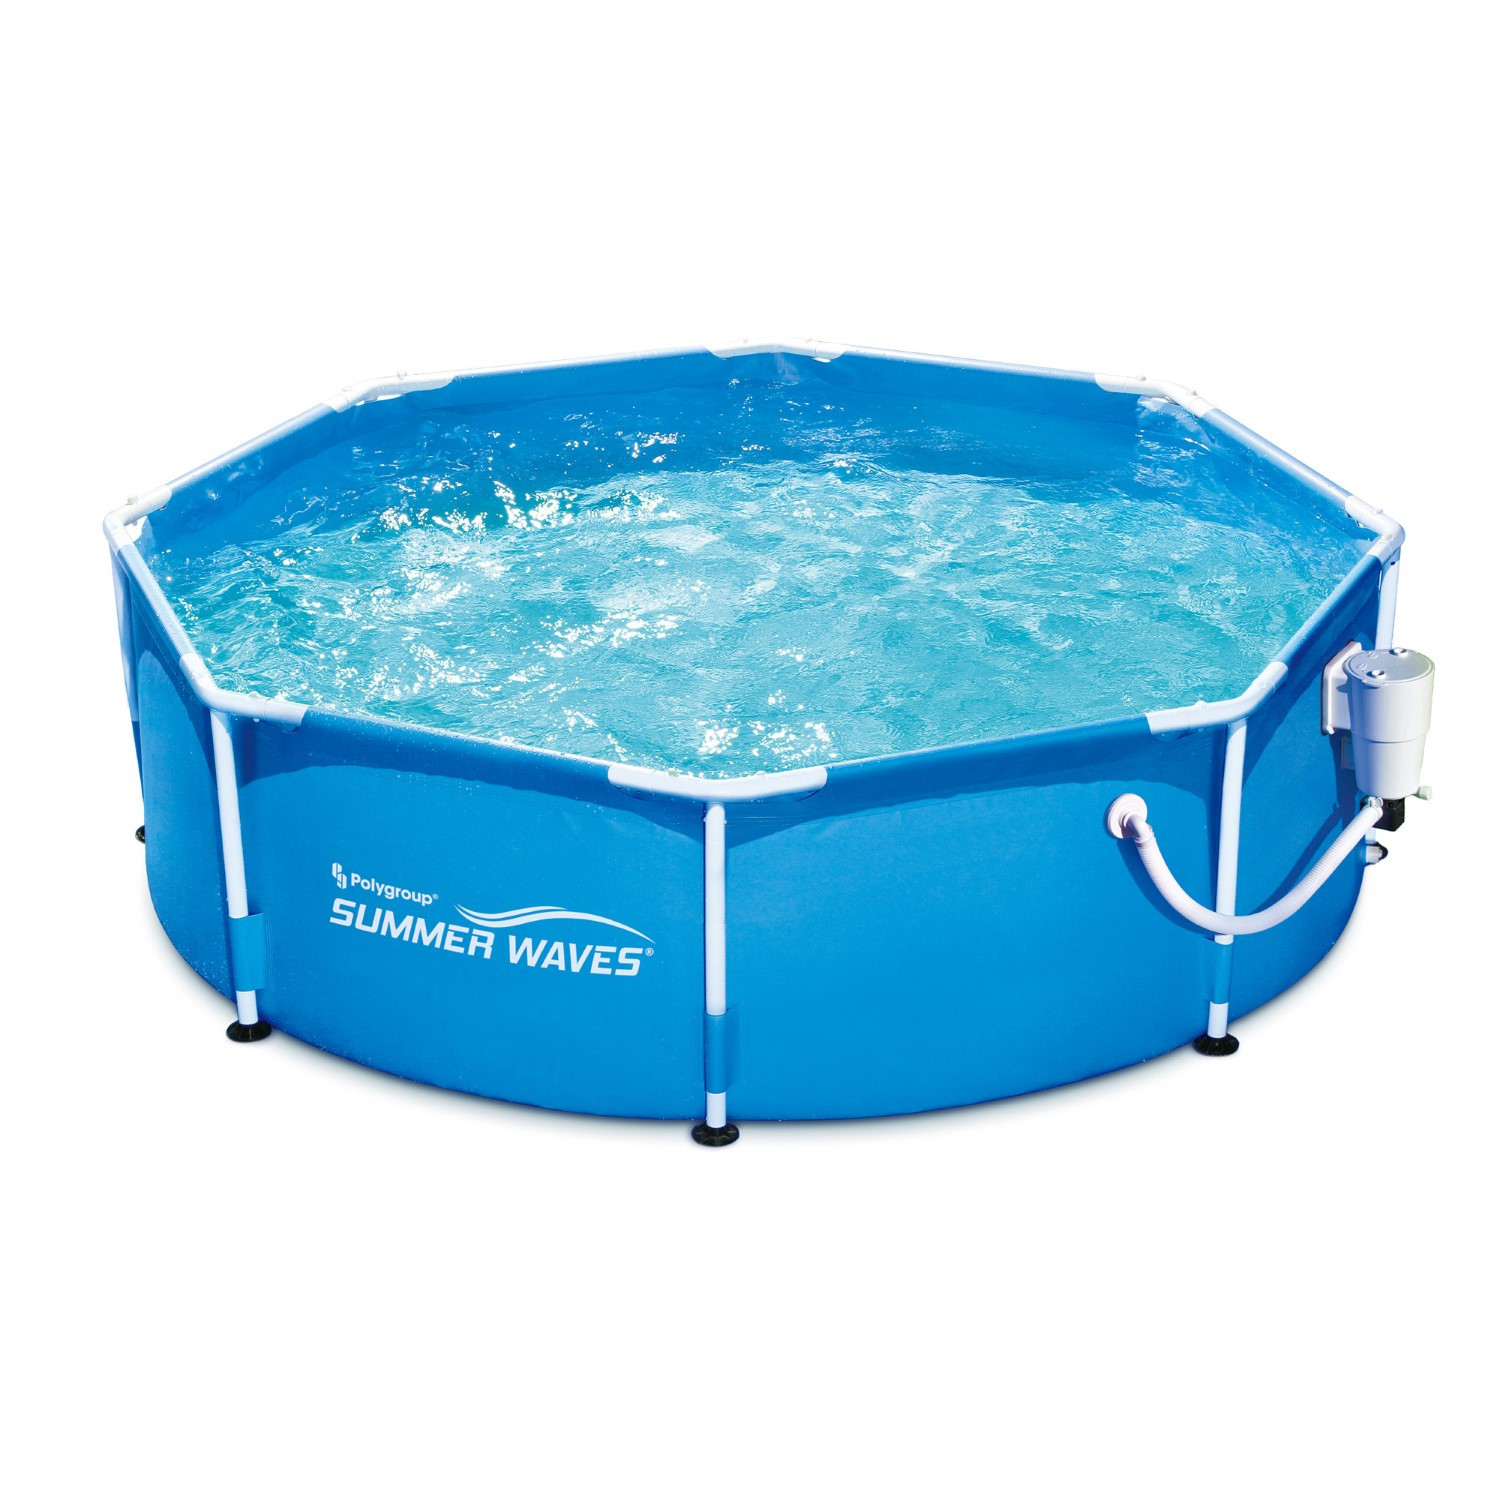 4 Ft Above Ground Pool
 Summer Waves 8 Ft Metal Frame Ground Pool with
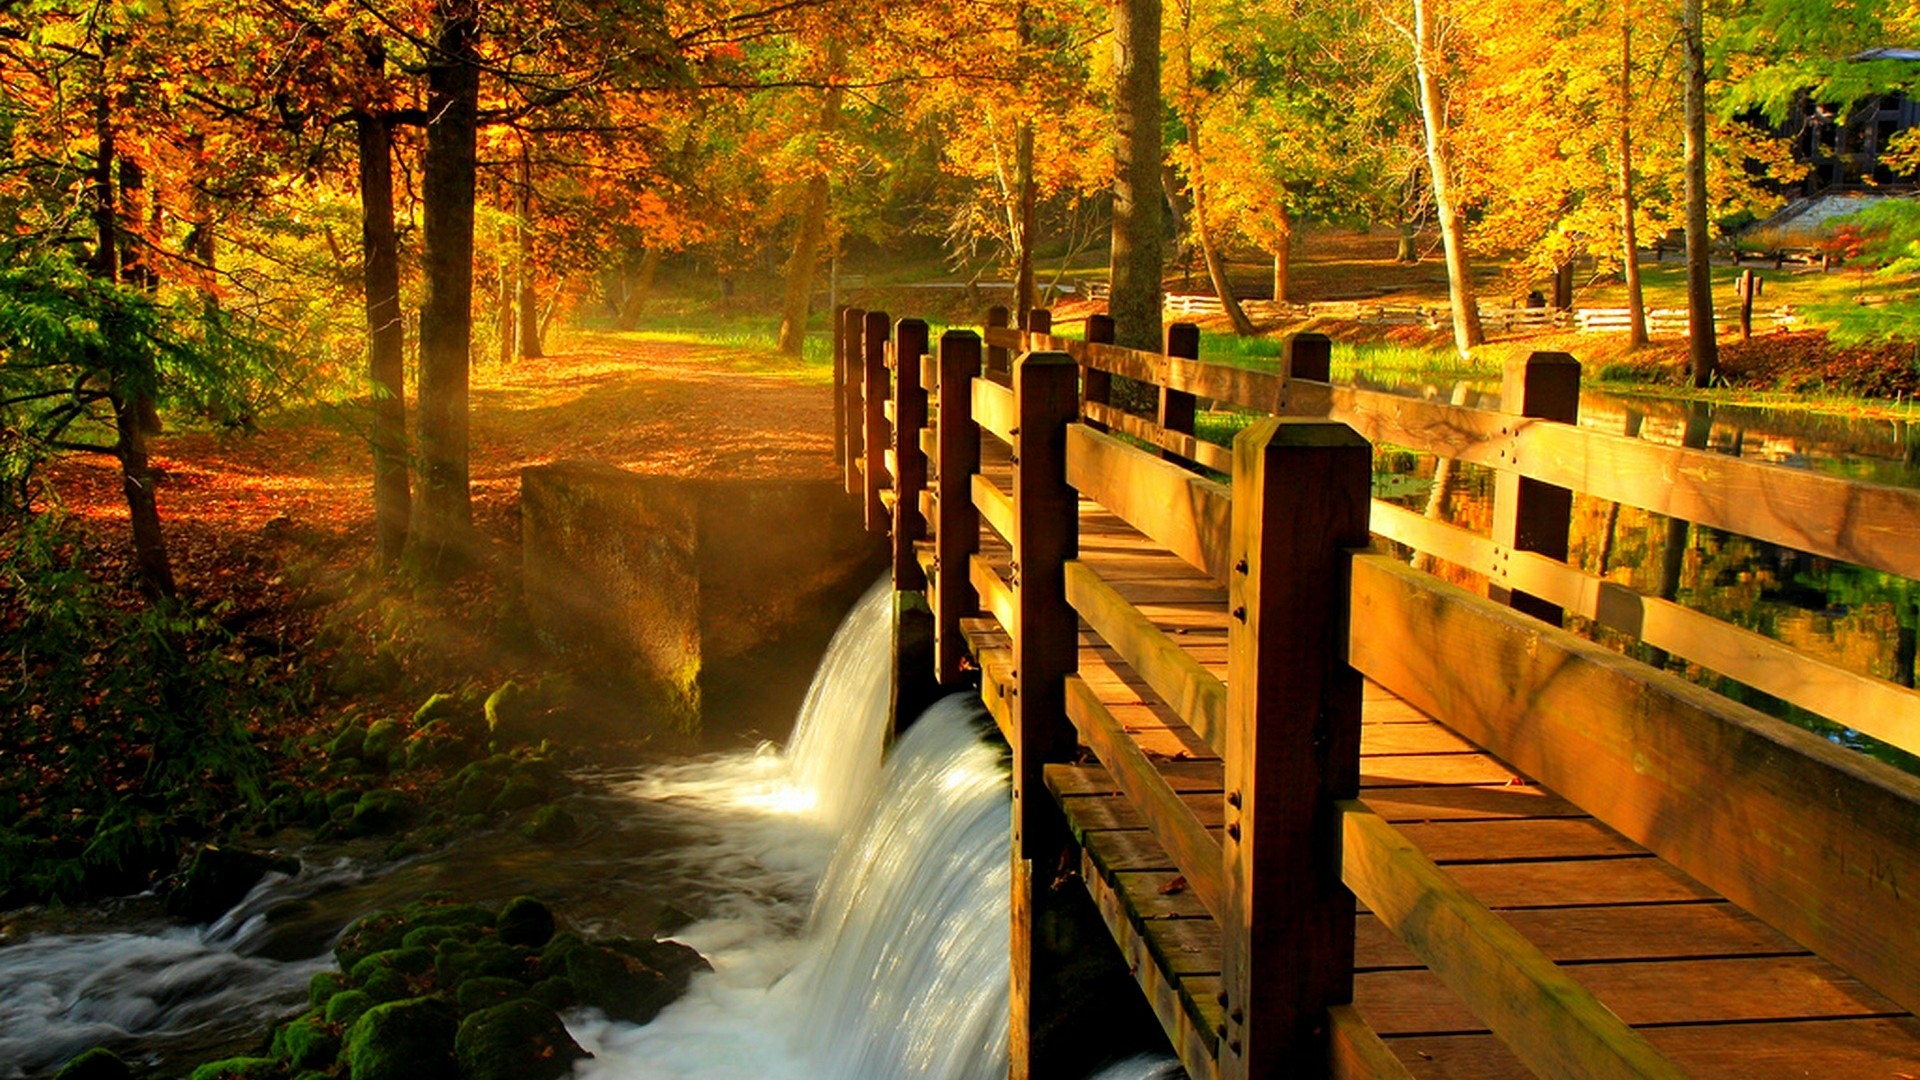 Wood Bridge Over The Stream At Fall Wallpaper Backiee
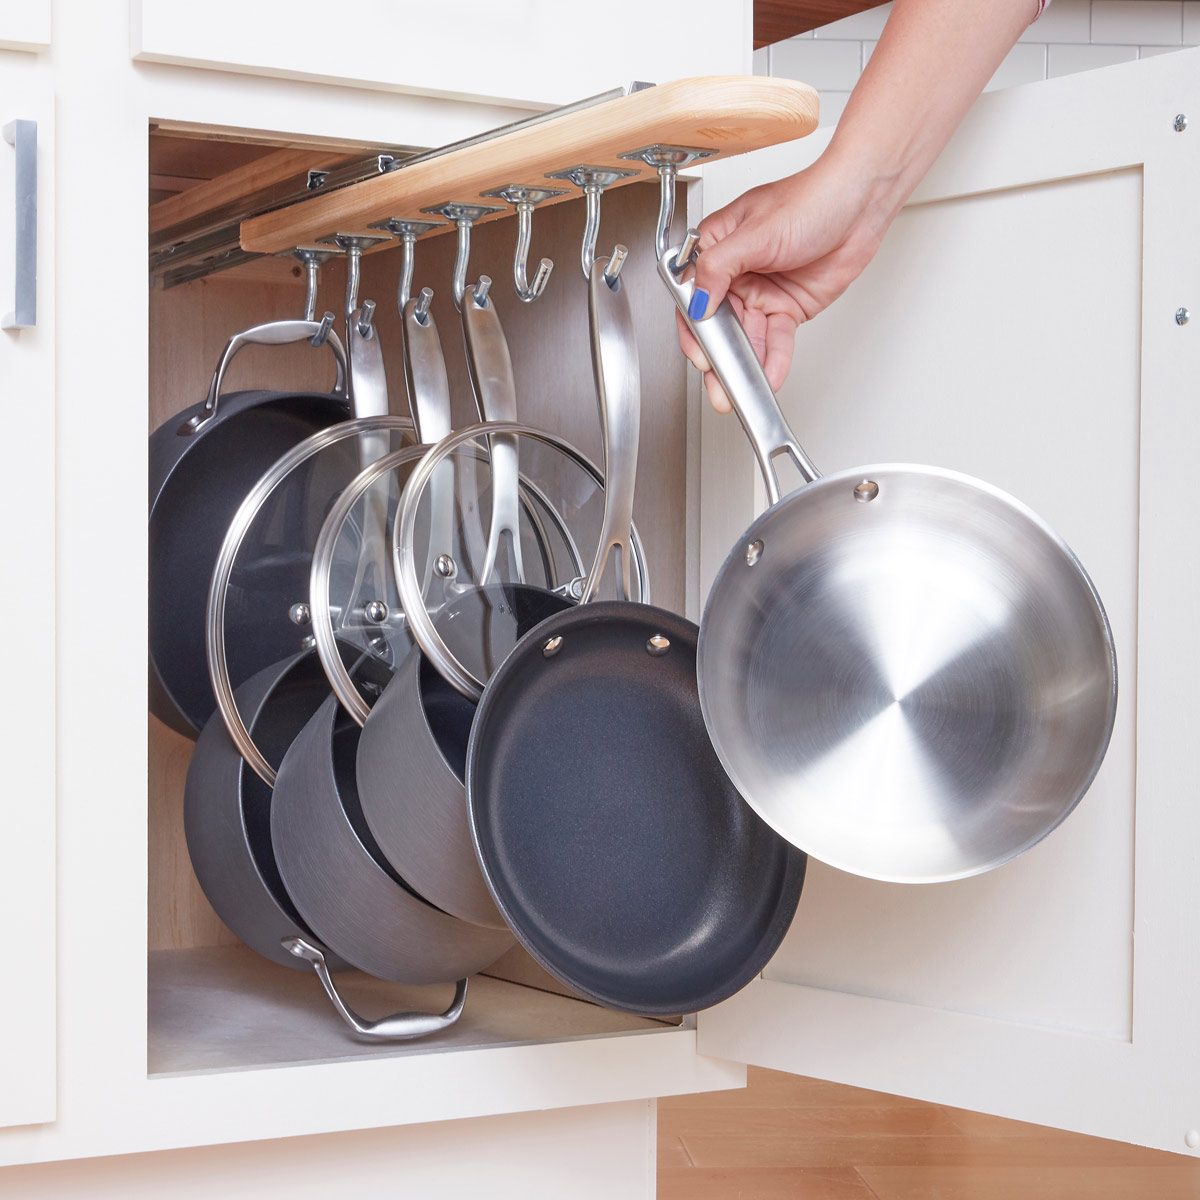 How to Make a Pot and Pan Pullout to Increase Kitchen Cabinet
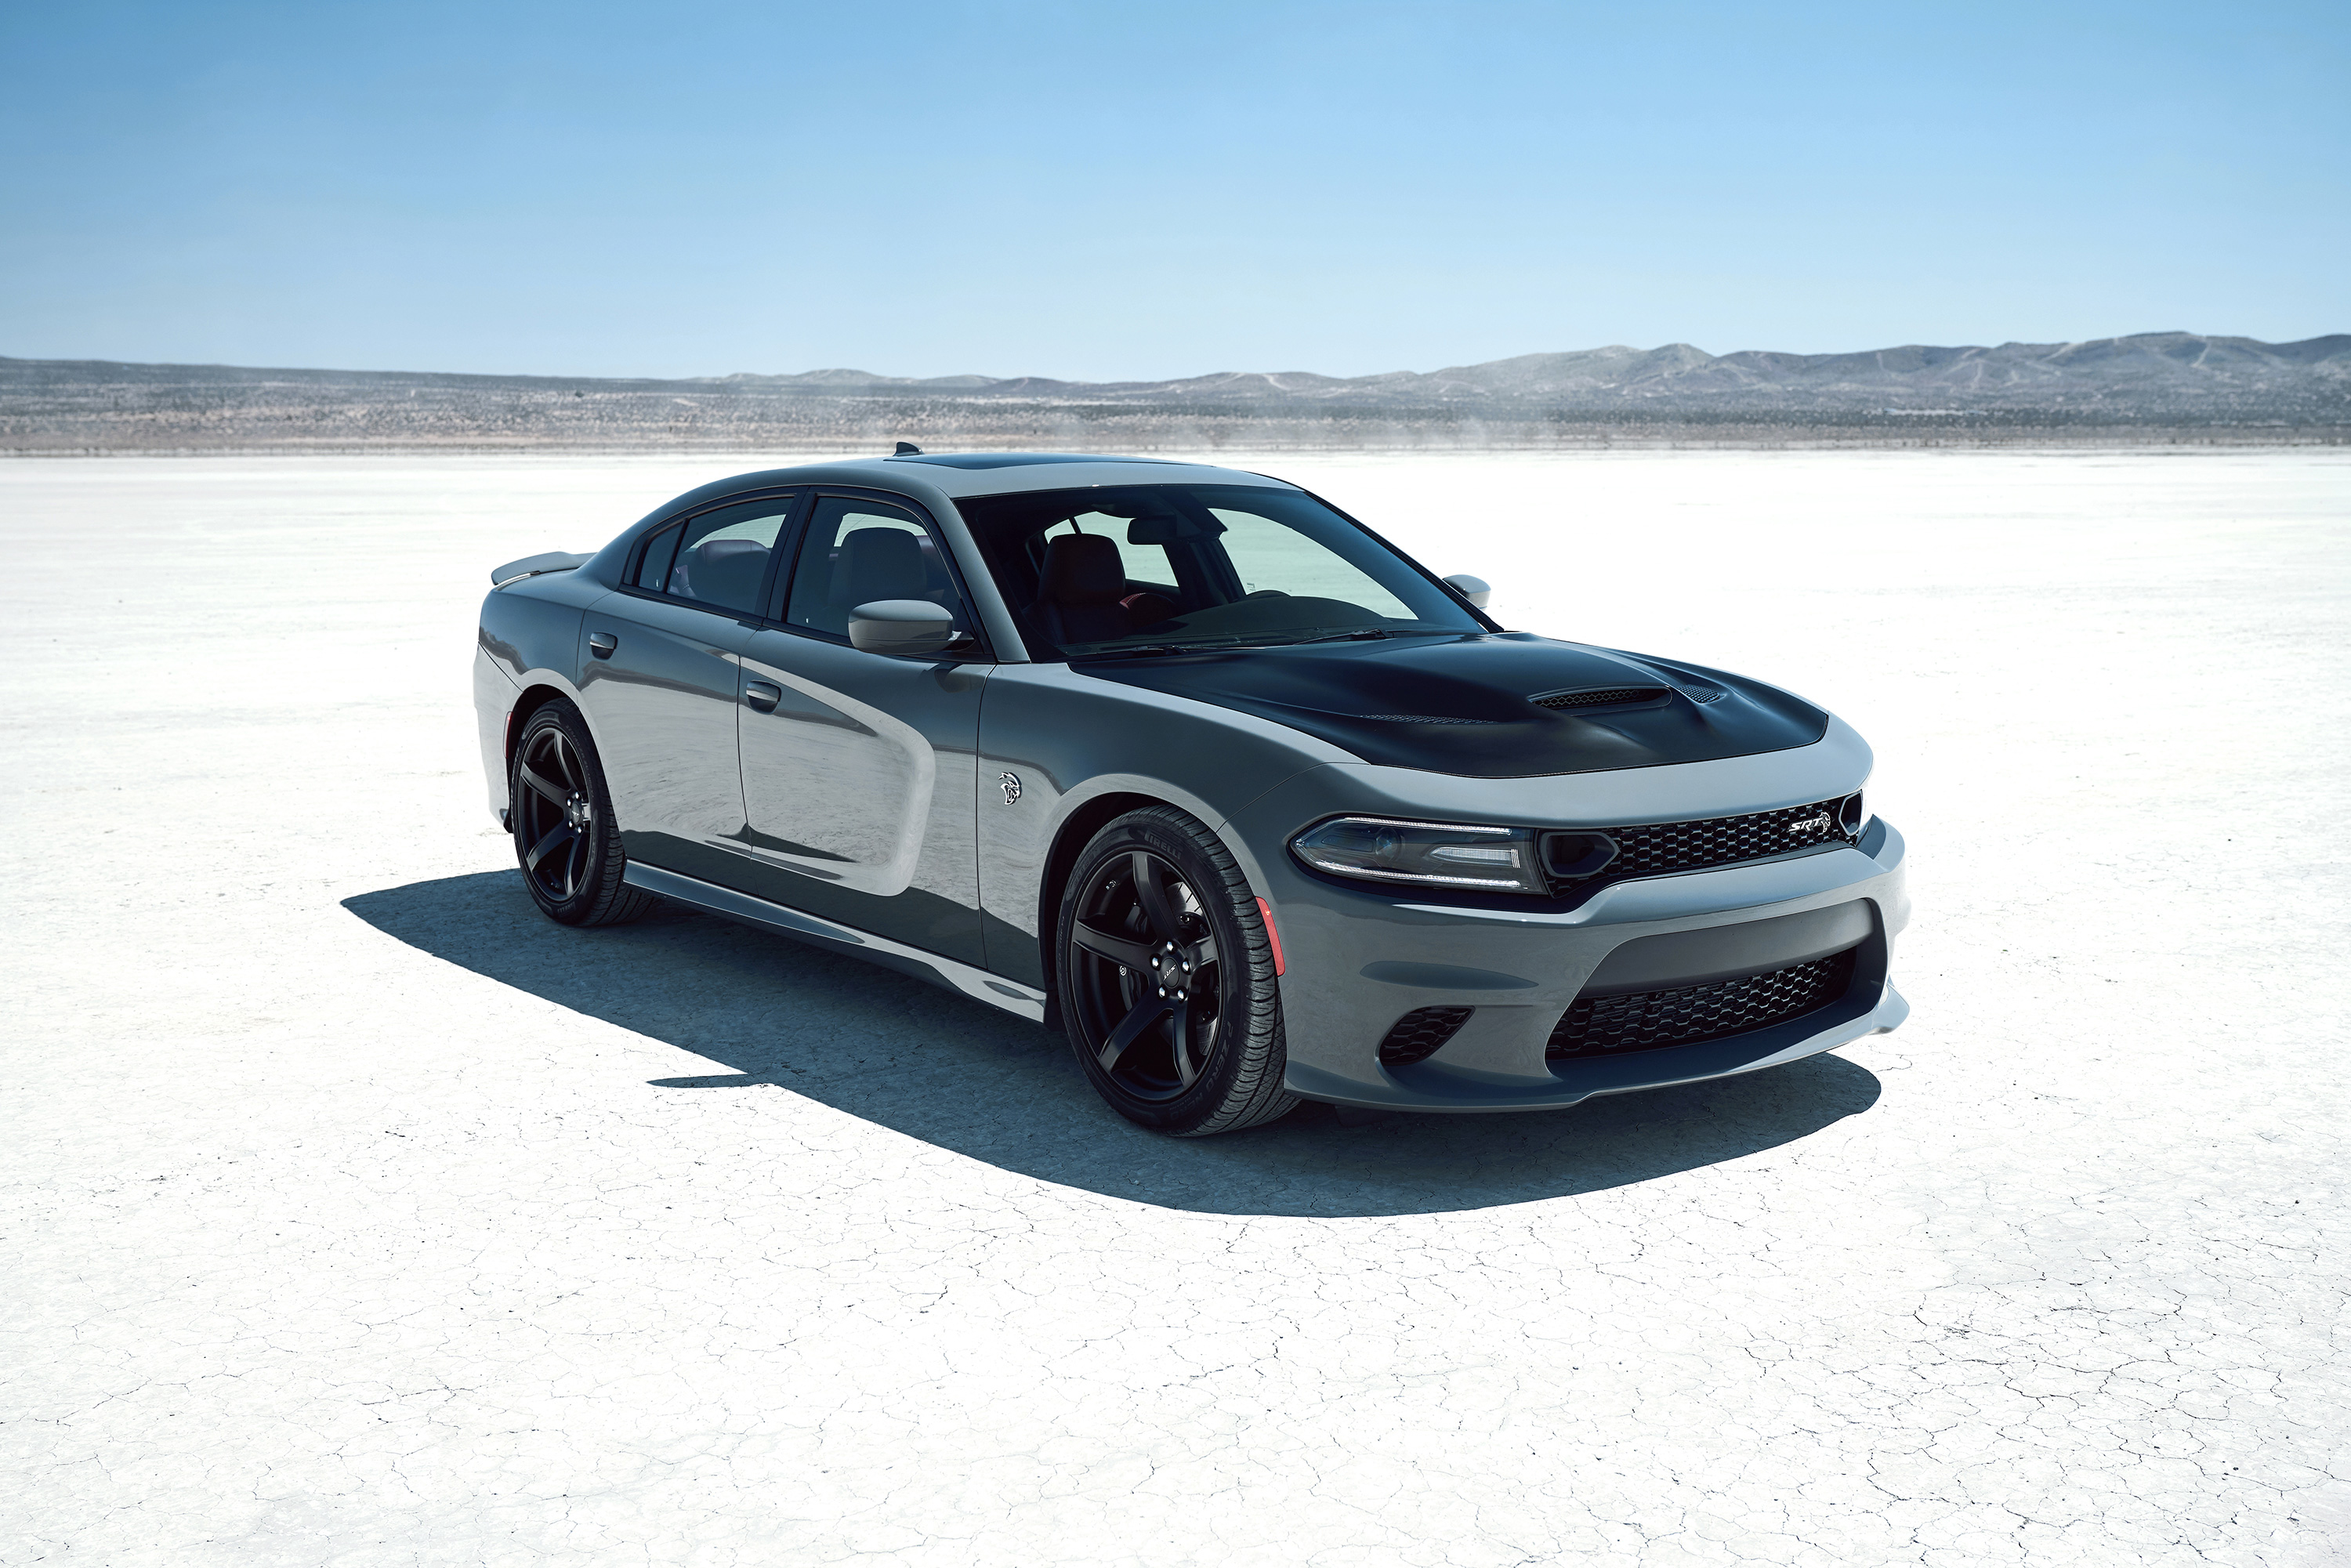 Dodge Charger SRT Hellcat 2018, HD Cars, 4k Wallpapers, Images

-------

Please copy every entry exactly, without the pictures.

 4 Ft Above Ground Pool
 Summer Waves 8 Ft Metal Frame Ground Pool with
 Wood Bridge Over The Stream At Fall Wallpaper Backiee
 How to Make a Pot and Pan Pullout to Increase Kitchen Cabinet
 Dodge Charger SRT Hellcat 2018, HD Cars, 4k Wallpapers, Images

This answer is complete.